Stuart Banda

Personal information
- Born: 20 November 1988 (age 37)

Sport
- Country: Malawi
- Sport: Athletics
- Event(s): 5000 m, 10,000 m

= Stuart Banda =

Malawian long-distance runner (born 1988)

Stuart Banda (born 20 November 1988) is a Malawian long-distance runner. He competed in the 5000 metres at the 2015 World Championships in Beijing.

Banda began training for athletics in 2013. In early 2015, Banda won the 21-kilometre Ku Chawe Mountain Race in Zomba, Malawi, setting a new course record in his debut performance at the race. Banda also won a 10,000 metres race in the lead-up to the 2015 World Athletics Championships.

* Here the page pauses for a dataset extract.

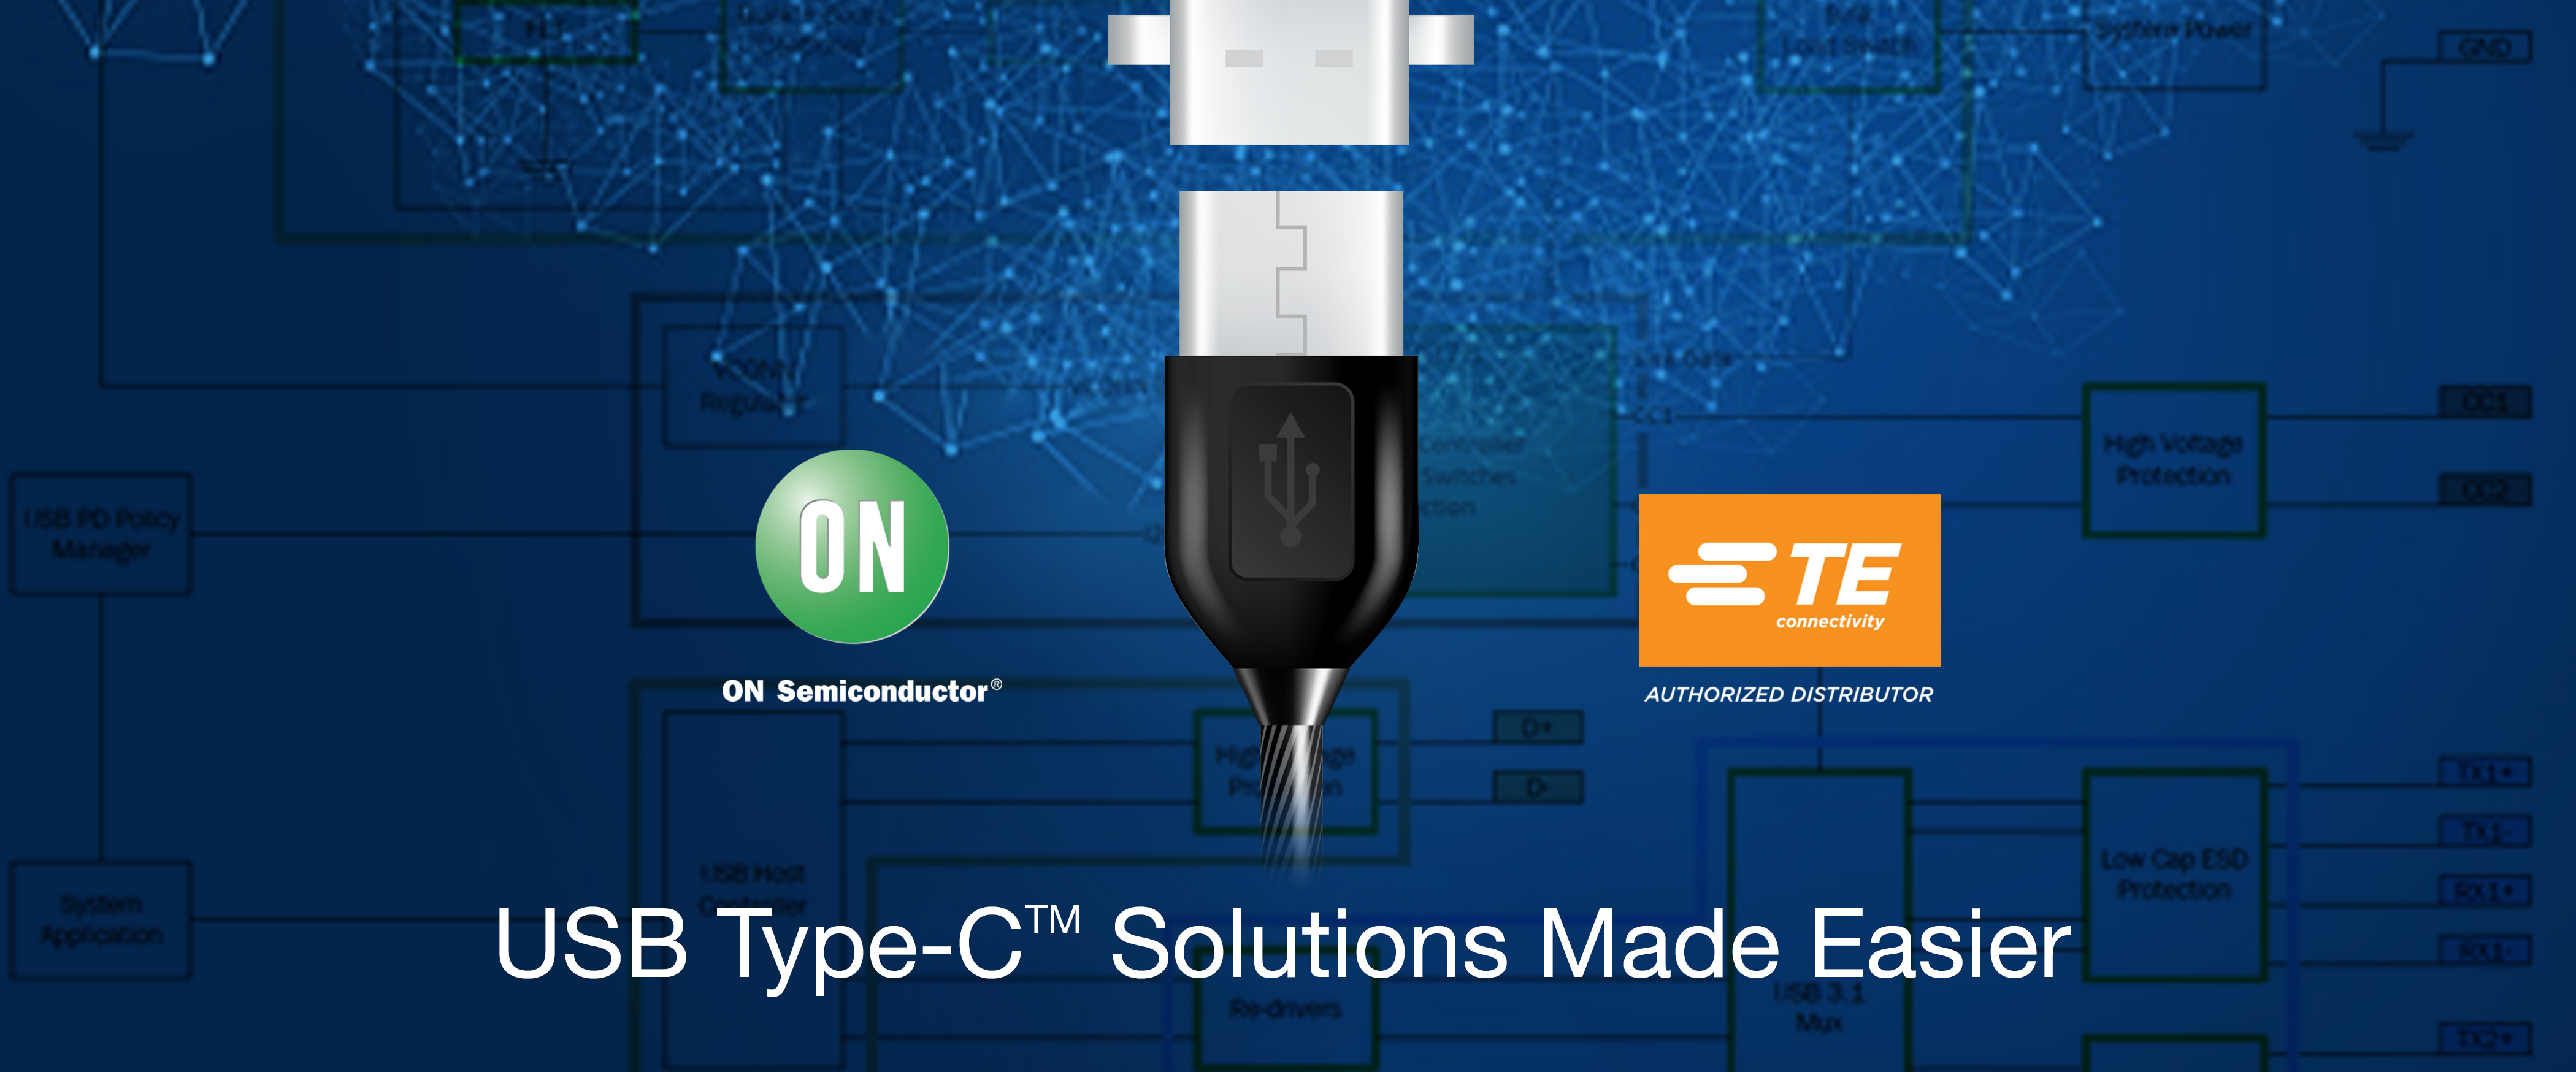 Mouser Announces New USB Type-C Solution Page

Banda's Ku Chawe performance as well as his wins in other local races led to his selection to represent Malawi at the 2015 World Championships in Athletics in both the 5000 metres and the 10,000 metres, although he would only enter the 5000 m. He was sent without a coach and had to train with other African athletes. Having financial problems, Mauritius provided him with an airplane ticket.

At the 2015 World Championships, Banda was seeded in the first 5000 metres heat. He finished 18th in 14:49.31, failing to advance to the finals. He was selected to be the nation's flag-bearer at the World Championships ceremonies.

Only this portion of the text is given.